Making your first appearance on Broadway is intimidating enough, but taking on the role originated by Marlon Brando in A Streetcar Named Desire?
Blair Underwood is stepping into pretty big shoes when he stars as Stanley Kowalski in the current revival of Tennessee Williams‘ iconic play. This production features a multiracial cast, and the Williams estate has given the production permission to drop the last name “Kowalski” from the play so that Underwood, and African-American, could play the role. Underwood spoke to NPR about what he finds challenging in playing one of the most famous stage roles in American theatre.
Despite the fact that today is a very different era than the time the play is set in, Underwood feels at home in the character. He explains, “How I play Stanley is how I wake up every day as an African-American man. I start with my heart, I start with my humanity, I start with my soul. The script and the book is exactly what Tennessee Williams wrote, and it’s astounding how it resonates in a unique way coming from actors who have a certain cultural alignment or aesthetic.”
Since the play takes place in New Orleans, Underwood has no trouble reconciling with the concept that the DuBois characters come from a wealthy southern African-American family. He says, “In this story, it is wholly consistent historically and accurately to have the DuBois sisters to be free people of color. Now, free people of color were more probably prominent in the New Orleans South in Louisiana, but it’s fascinating because with an African-American cast, if you know the South, you know that it’s authentic and historically accurate.”
Of course, while Underwood can reconcile the current production’s multiracial cast with William’s original text, he isn’t pretending that playing Stanley is easy. There’s some intimidation, especially focused on delivering Stanley’s most famous line. He says, “It’s a precarious area to step into. It is one of the most iconic moments not only on film, but on the Broadway stage. It is a cry from the heart … as long as it’s connected to that desperation and the depth of pain and loss in that moment.”
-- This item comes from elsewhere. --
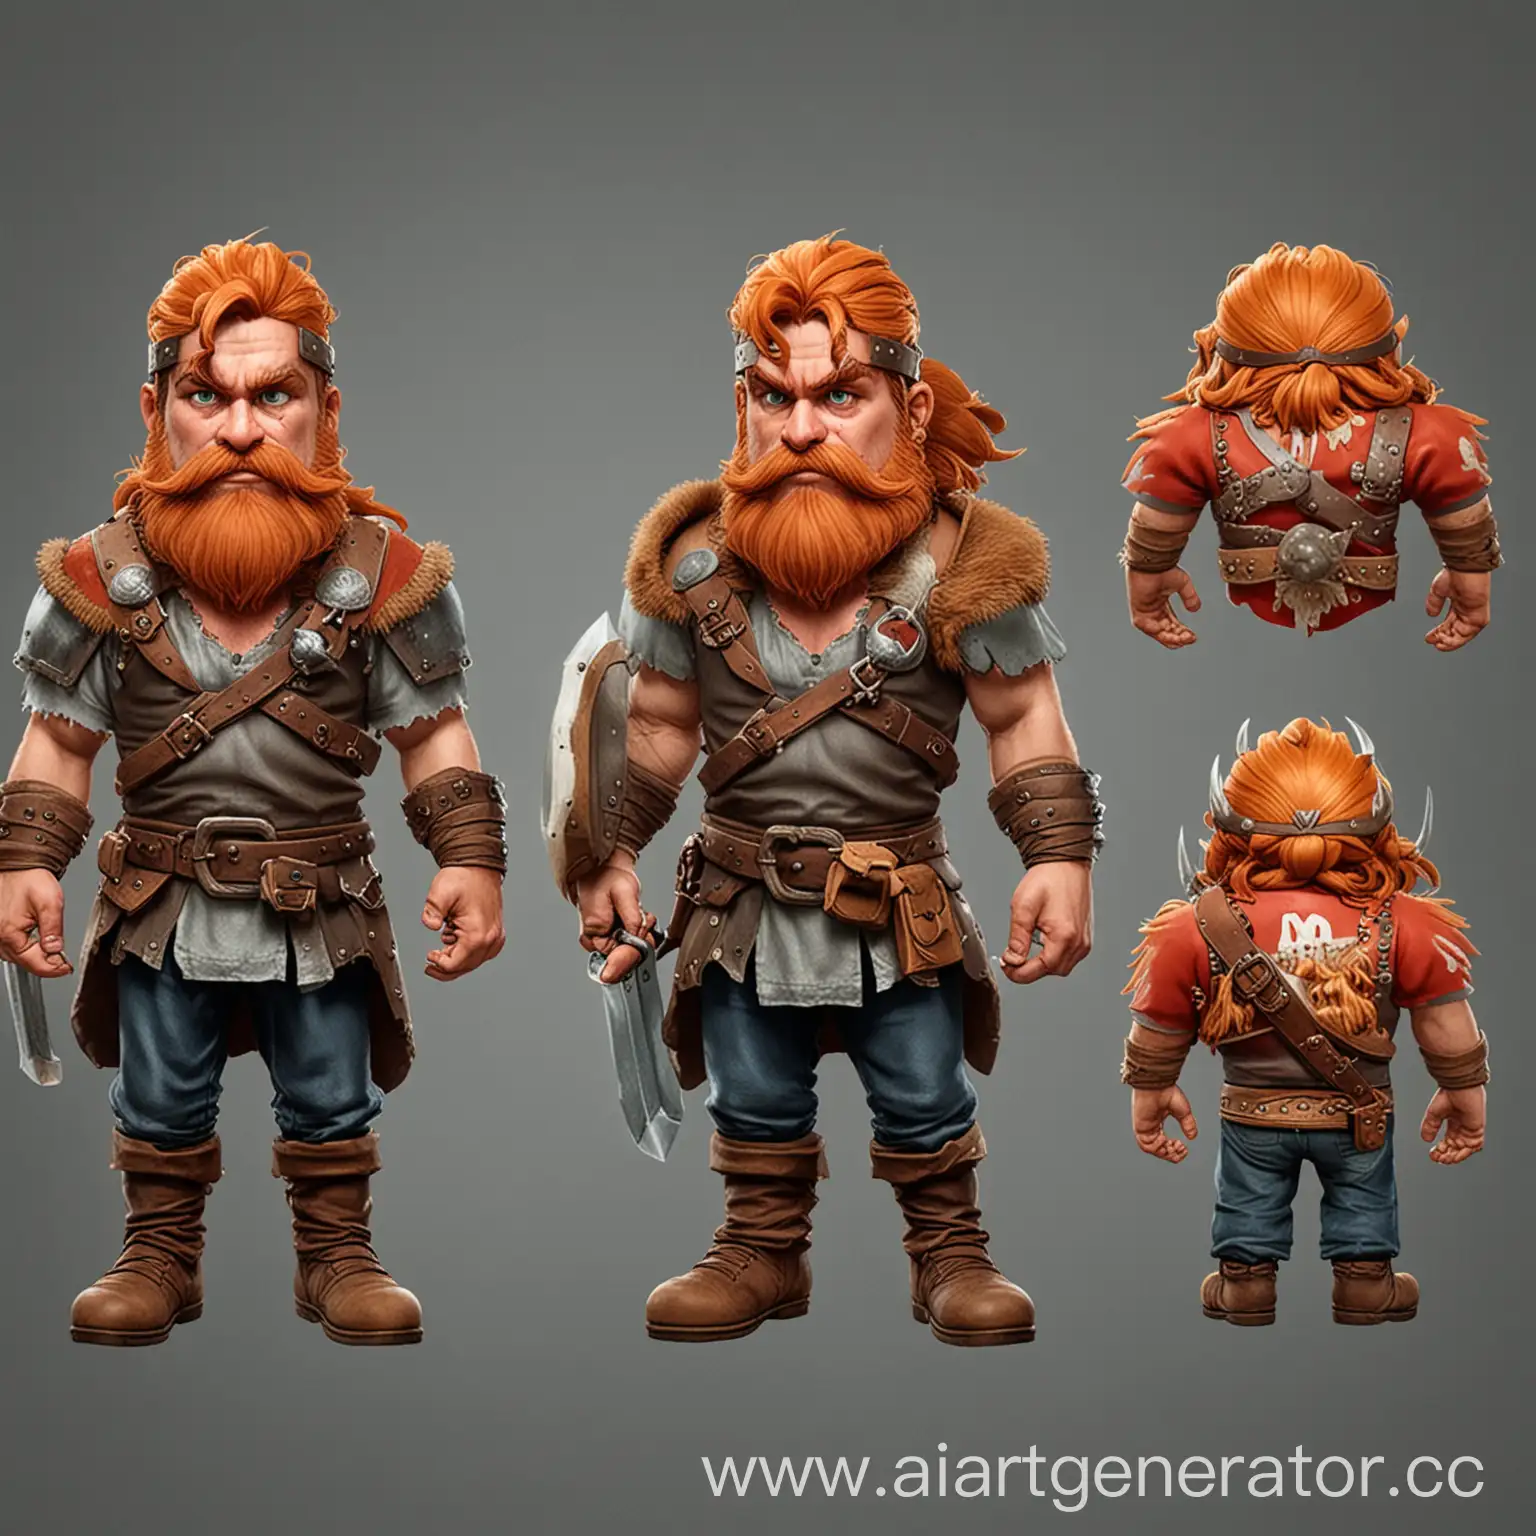 Dynamic-Viking-Warrior-Sprite-Character-for-2D-Game-Design
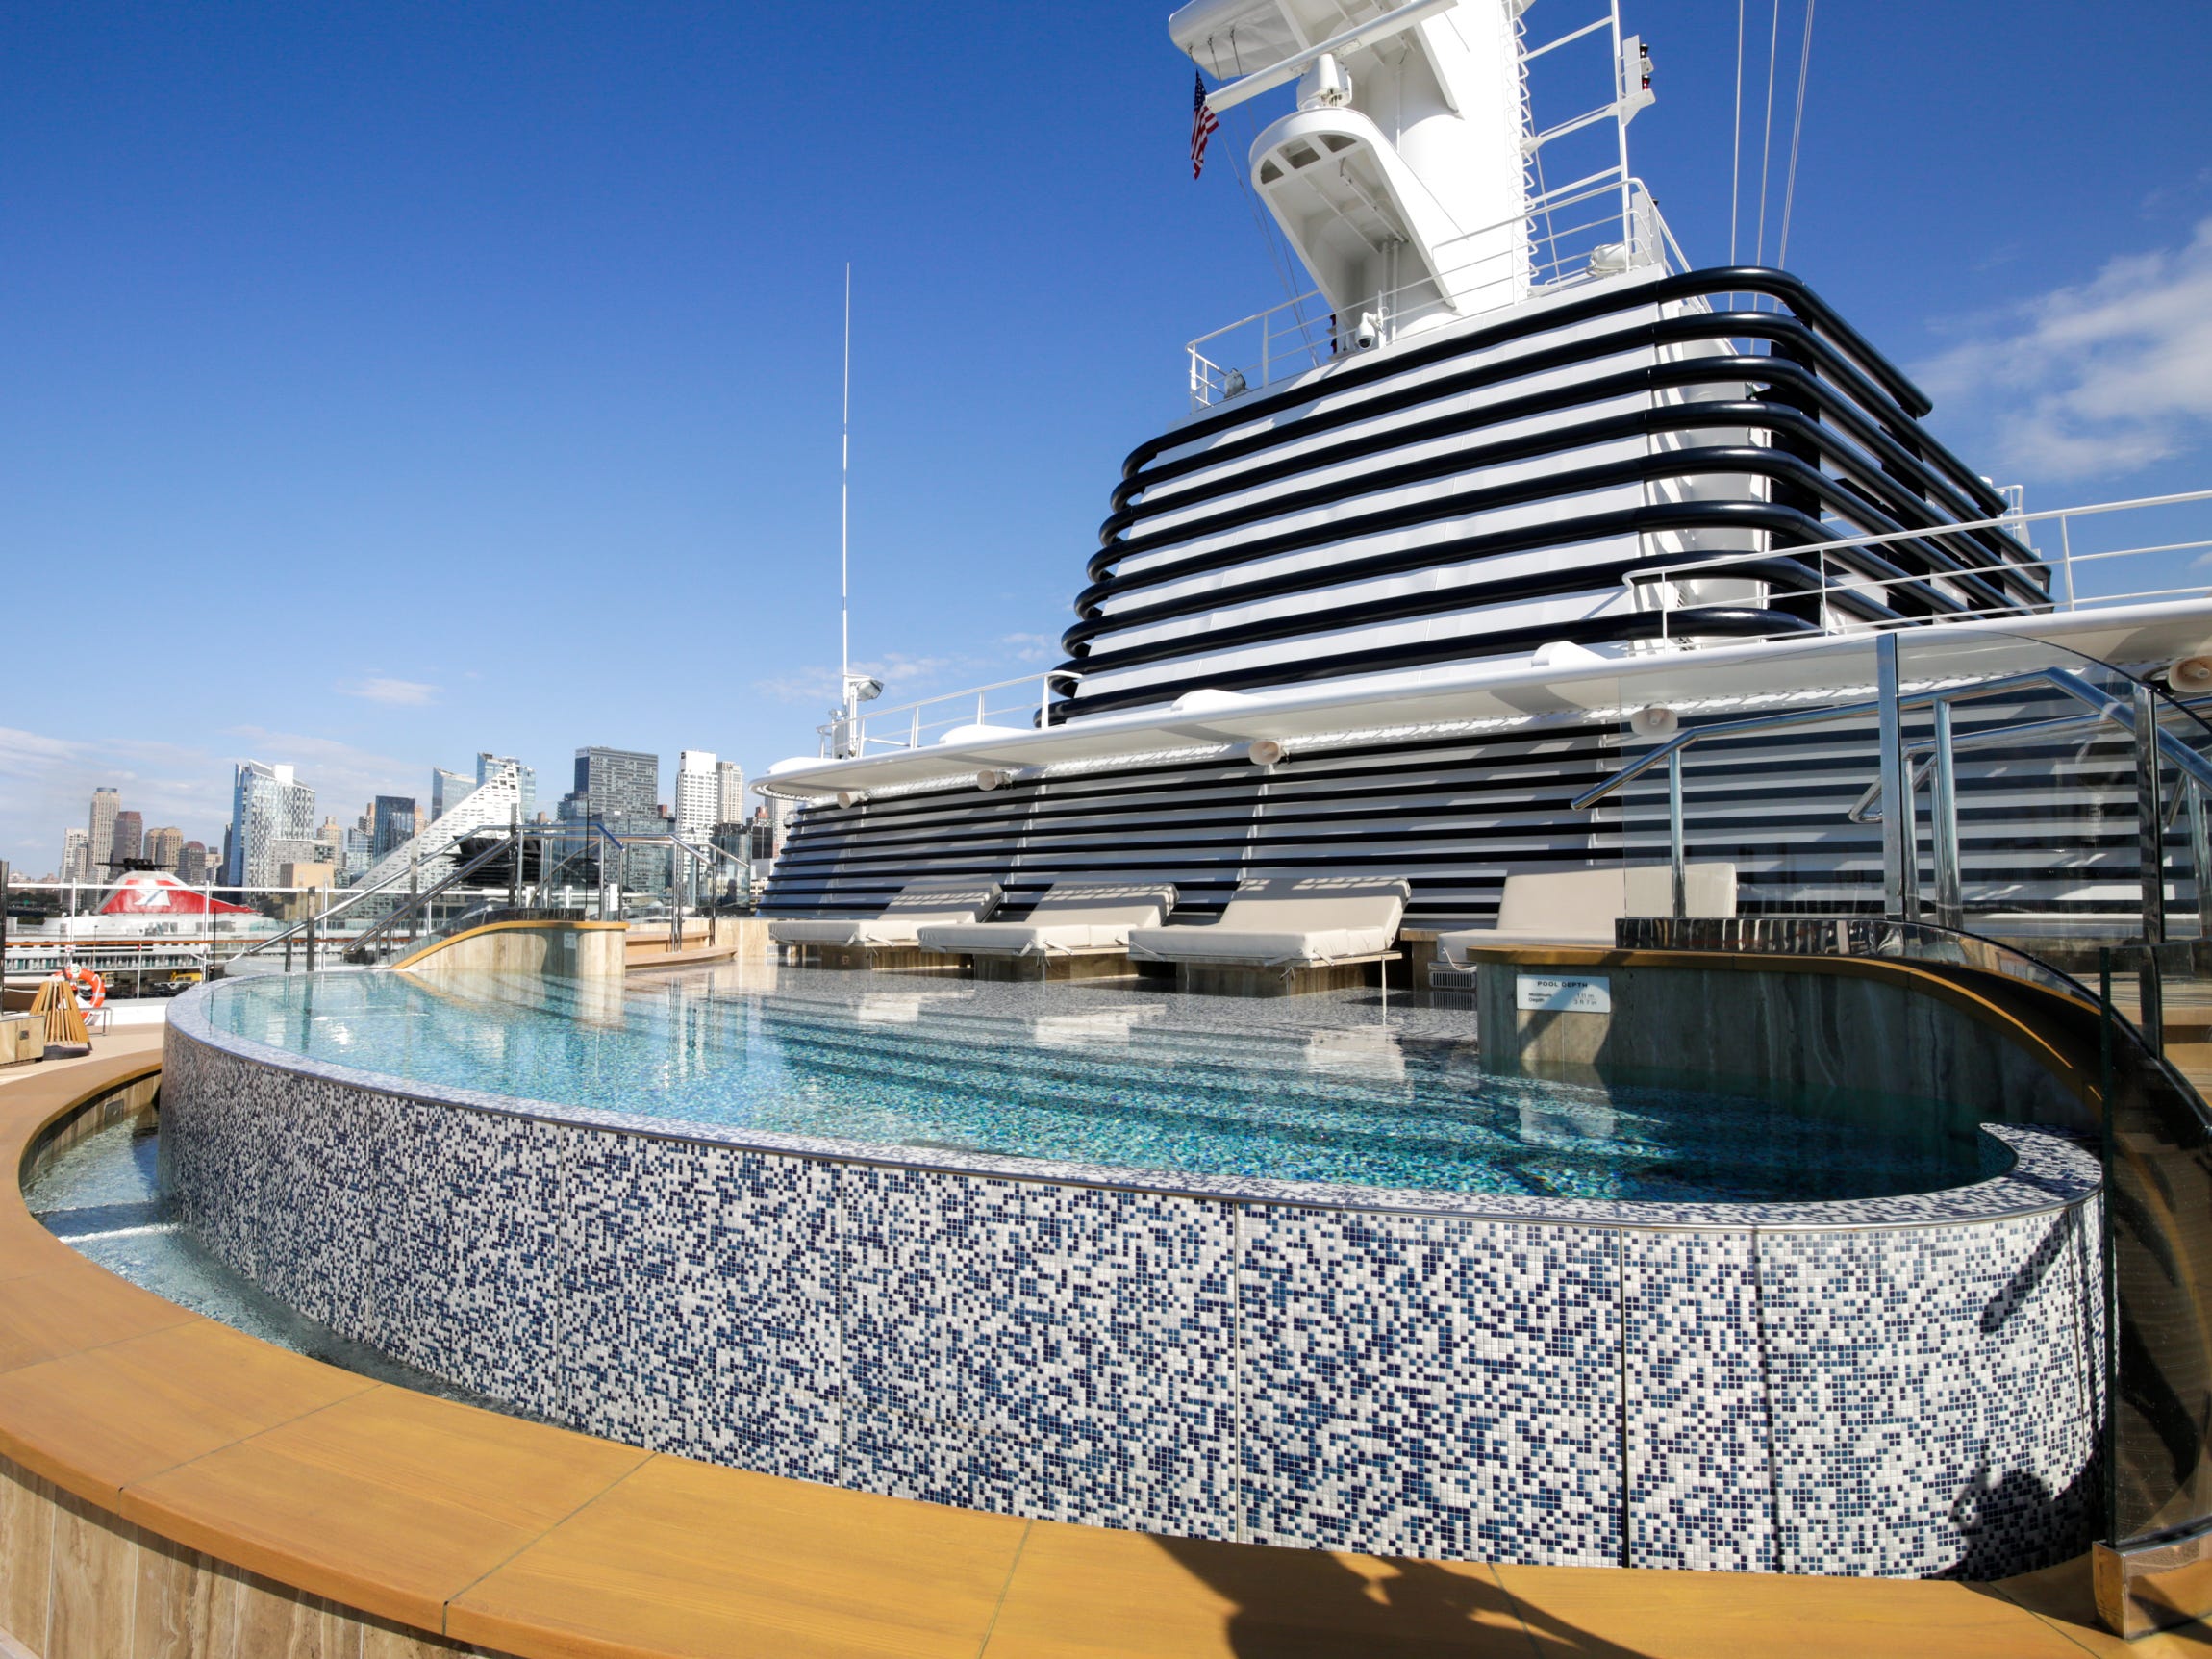 outdoor pool on Explora Journeys' Explora I cruise ship

He adds that Stanley’s cry, which comes shortly after beating his pregnant wife, carries some emotional history, “You can gather that’s it’s more than likely happened before and there’s probably a conversation in the back story where she said, ‘If it happens again, I’m leaving you,’ so that heightens the stakes in terms of his desperate cry from the heart.”
A Streetcar Named Desire is currently running at the Broadhurst Theatre through July 22.